❓What is the kinetic energy of mass moving vertically?

The formula $T_2 = \frac{1}{2}m_2 \dot{r}^2$ represents the kinetic energy ($T_2$) of mass $m_2$ which is moving vertically beneath the hole.

Here is the explanation of the expression:

1. General Kinetic Energy Formula: The basic formula for kinetic energy is $T = \frac{1}{2}m v^2$ Here, $m = m_2$.

2. Velocity of $m_2$ ($v_2$):

   • Mass $m_2$ is connected to $m_1$ by a thread of fixed total length, $L$.

   • If the length of the string on the horizontal plane is $r$, the vertical position of $m_2$ (relative to the plane) is $z_2 = L - r$ (or $r - L$ depending on the setup, but the magnitude of displacement is $r$).

   • The velocity of $m_2$ is purely vertical, and since the total string length $L$ is constant, the speed of $m_2$ is entirely dependent on the rate of change of $r$:

     $v_2 = \dot{z}_2 = \frac{d}{dt}(r - L) = \dot{r}$

   • This means the velocity of $m_2$ is simply the radial velocity ($\dot{r}$) of $m_1$.

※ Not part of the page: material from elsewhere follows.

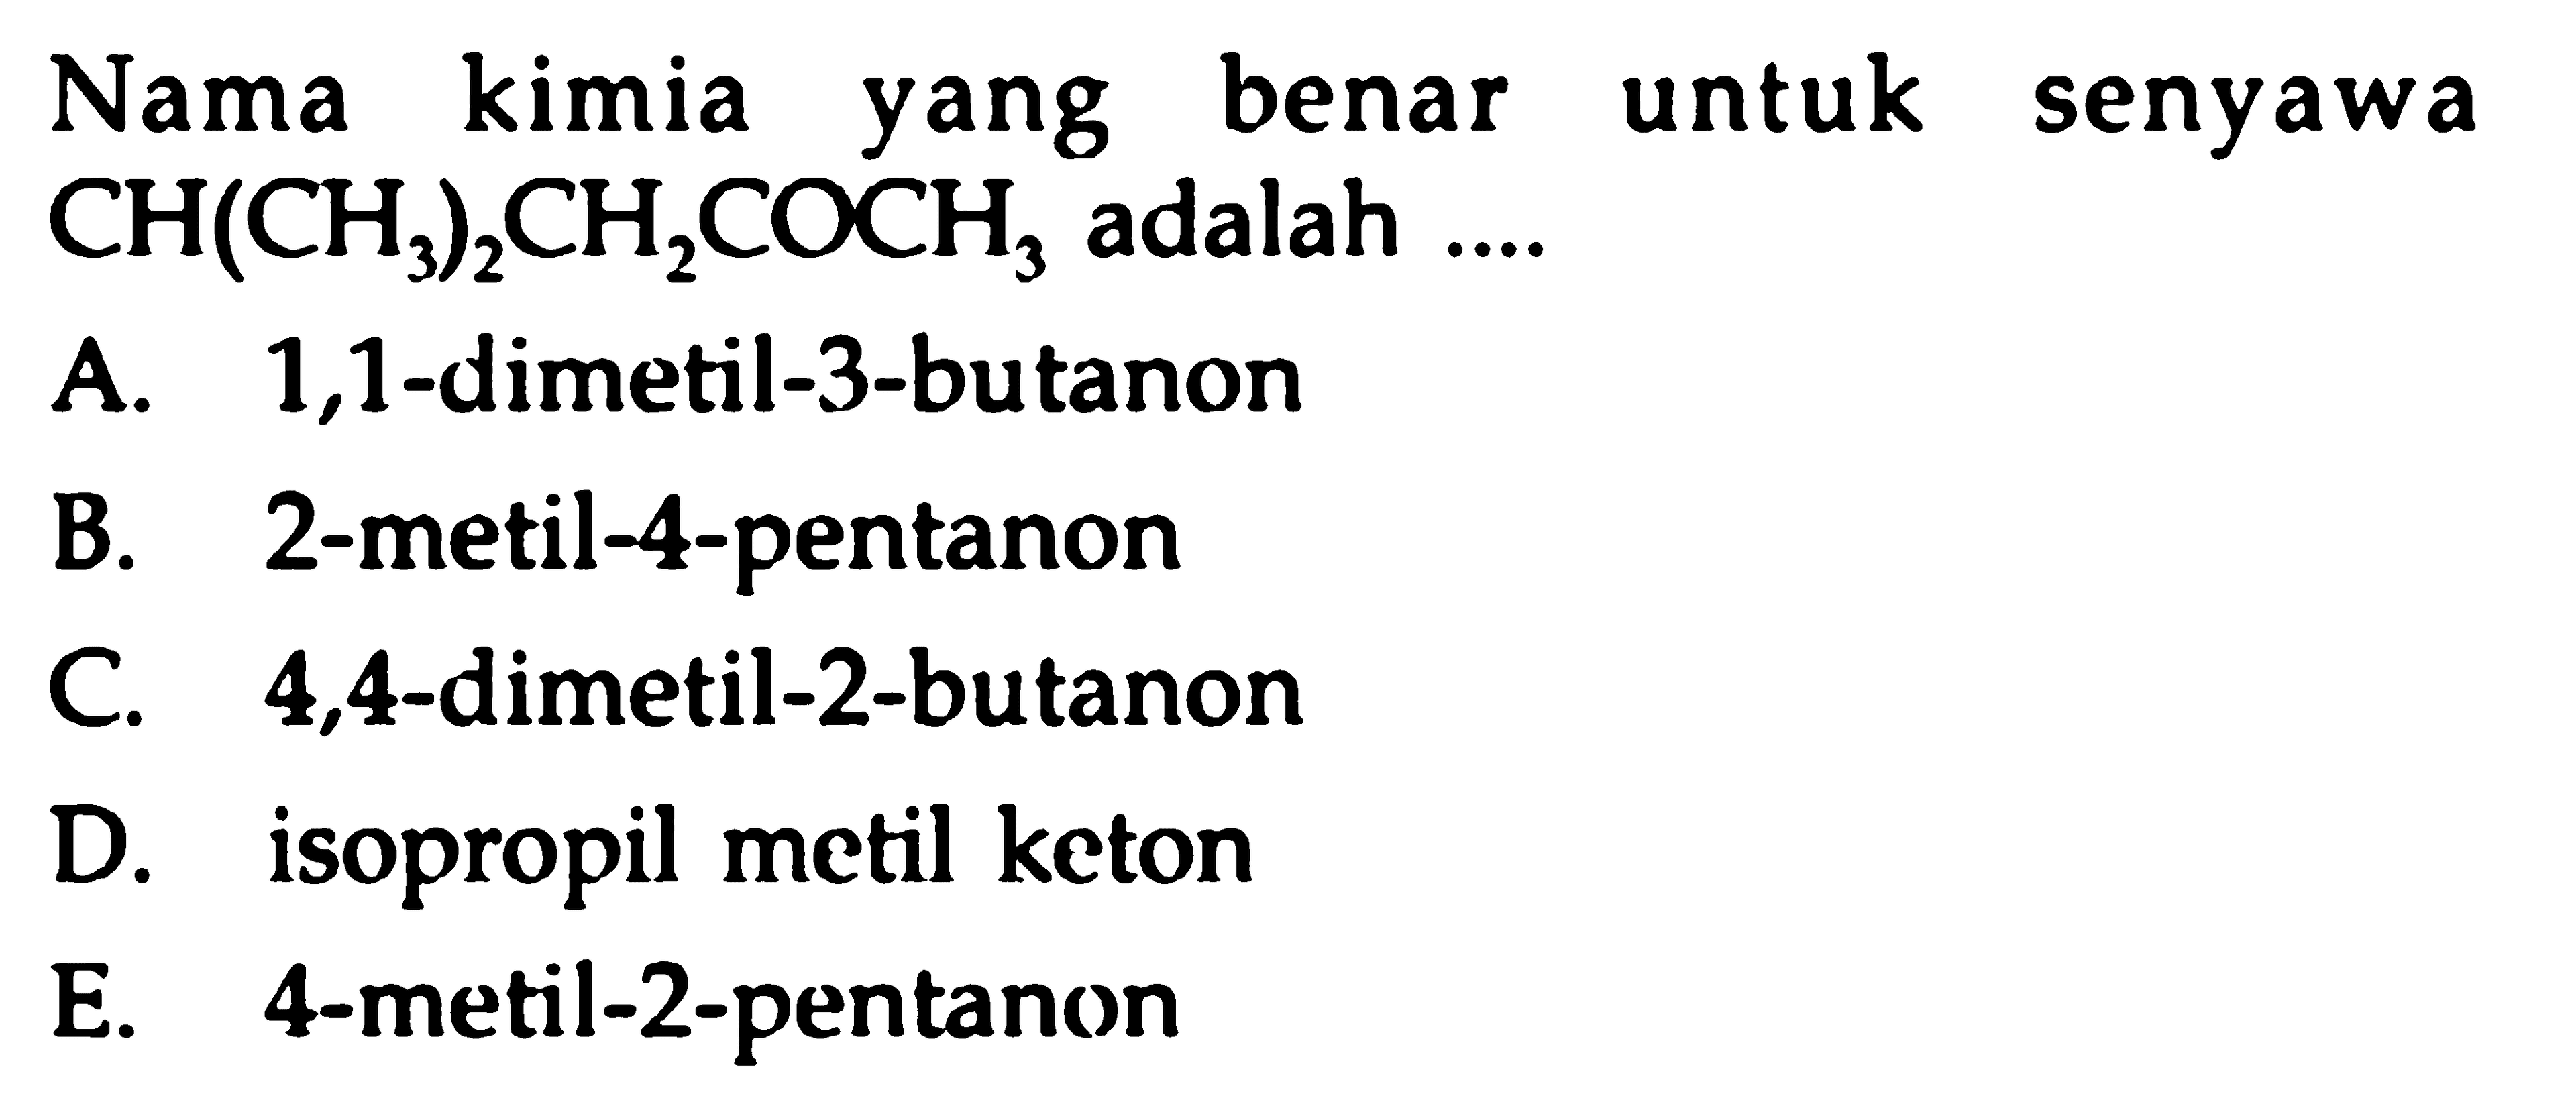 Nama kimia yang benar untuk senyawa CH(CH3)2CH2COCH3 adalah.... A. 1,1-dimetil-3-butanonB. 2-metil-4-pentanonC. 4,4-dimetil-2-butanonD. isopropil metil ketonE. 4-metil-2-pentanon

3. Final Expression: Substituting the velocity into the kinetic energy formula:

   $T_2 = \frac{1}{2}m_2 v_2^2 = \frac{1}{2}m_2 \dot{r}^2$

In summary, $m_2$ can only move up or down, and its speed is locked to the rate at which the string length $r$ changes on the horizontal plane. It has no angular motion ($\dot{\varphi}$) because it does not rotate about the $z$-axis.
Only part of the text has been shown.